= Mary Hogg =

British judge

 Dame Mary Claire Hogg, (born 15 January 1947) is a British lawyer and former High Court judge. She is the daughter of Quintin Hogg, Baron Hailsham of St Marylebone, and his wife, Mary Evelyn Martin, and is the sister of Douglas Hogg. She retired from the High Court in 2016.

Educated at St Paul's Girls' School, she was appointed a Queen's Counsel in 1989. In 1995, she was named a judge of the High Court of Justice where she sat in the Family Division. At the time of her appointment she was only the seventh female High Court judge.

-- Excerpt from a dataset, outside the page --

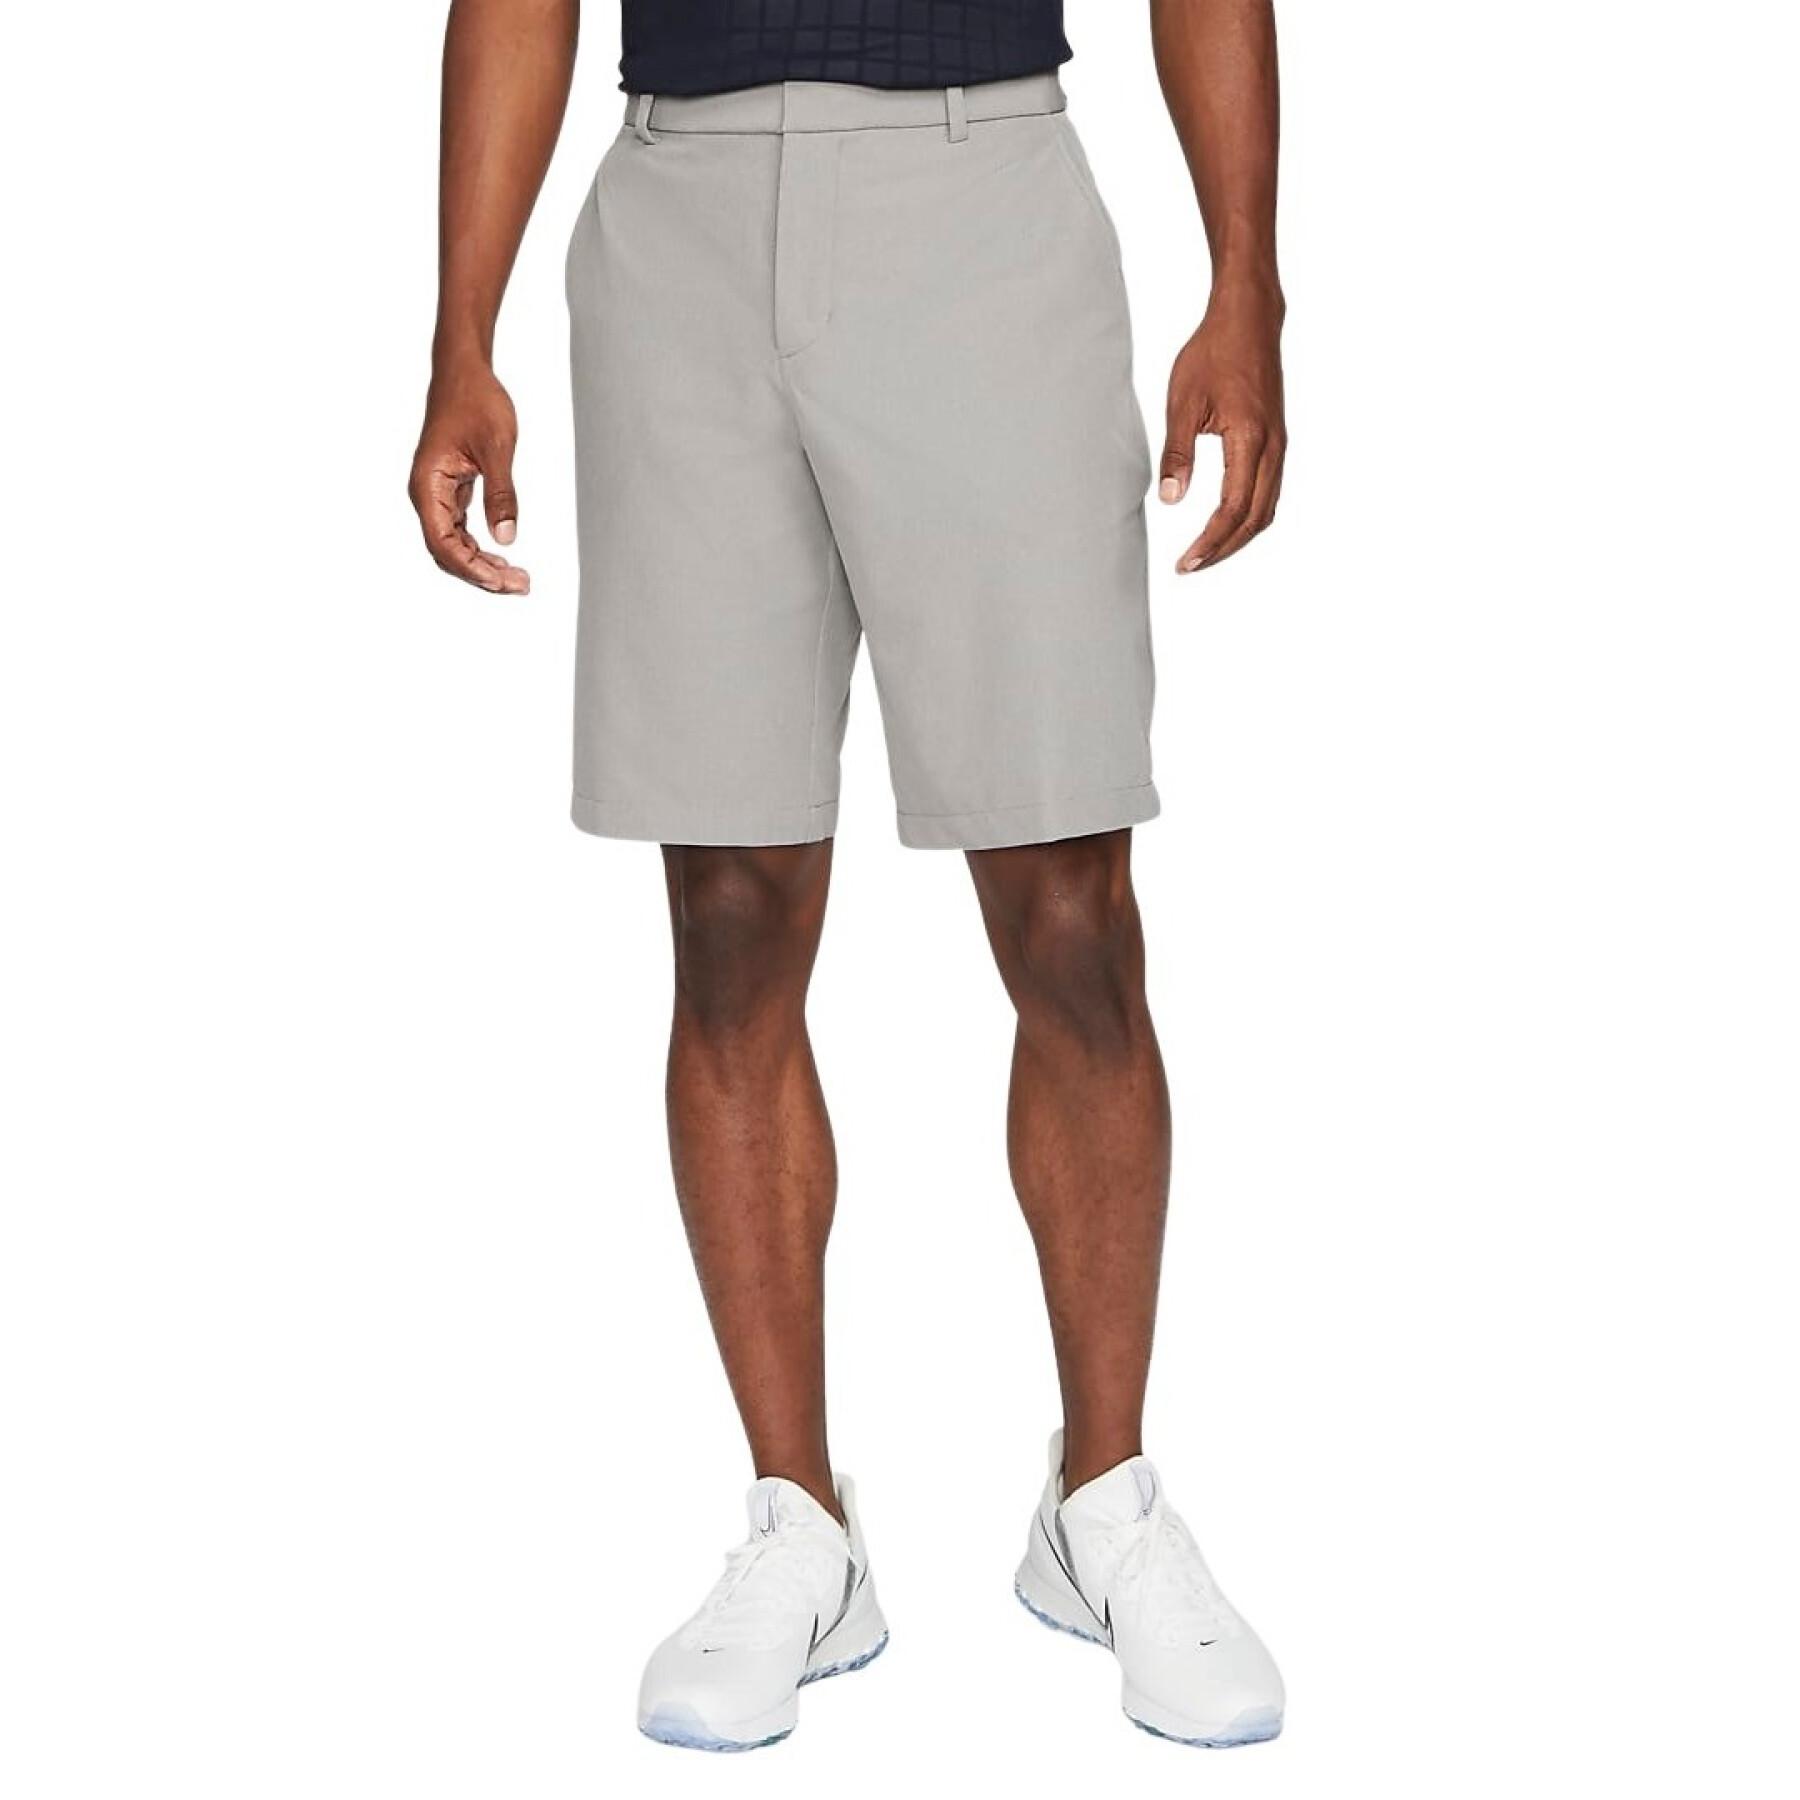 Bermuda shorts Nike Dri-Fit

In 1995 she was awarded an honorary doctorate of law (LLD) by the University of Westminster, an institution founded by her great-grandfather Quintin Hogg.

==Cases==
Hogg caused controversy in 1996 when she ruled that a pregnant woman could be held in hospital against her will and forced to have her baby by Caesarean section. The woman had wanted to give birth naturally, but was advised by doctors that both she and the child were likely to die as she was suffering from pre-eclampsia. The ruling was later overturned at the Court of Appeal, which ruled that a pregnant woman could refuse medical help even if doing so risked her baby's life.

Disappeared British girl Madeleine McCann was made a ward of court, during summer 2007, on application by her parents. During a court hearing on 7 July 2008 Hogg made an extraordinary plea to Madeleine's abductor to "show mercy and compassion" and reveal her whereabouts.

=== Murder of Ellie Butler ===

In March 2009, Ben Butler, who had a series of convictions for violent offences, was convicted and jailed for causing grievous bodily harm to his daughter, Ellie, a conviction which was overturned at the Court of Appeal. At subsequent custody proceedings, despite the opposition of social services, Hogg exonerated Butler and returned the daughter to her parents. Less than a year after his release, Butler went on to kill his six-year-old daughter Ellie. The girls' school, Avenue Primary, had concerns about her welfare prior to her death but were unable to involve local authority social services as Hogg had ordered that social services should no longer be involved with the family.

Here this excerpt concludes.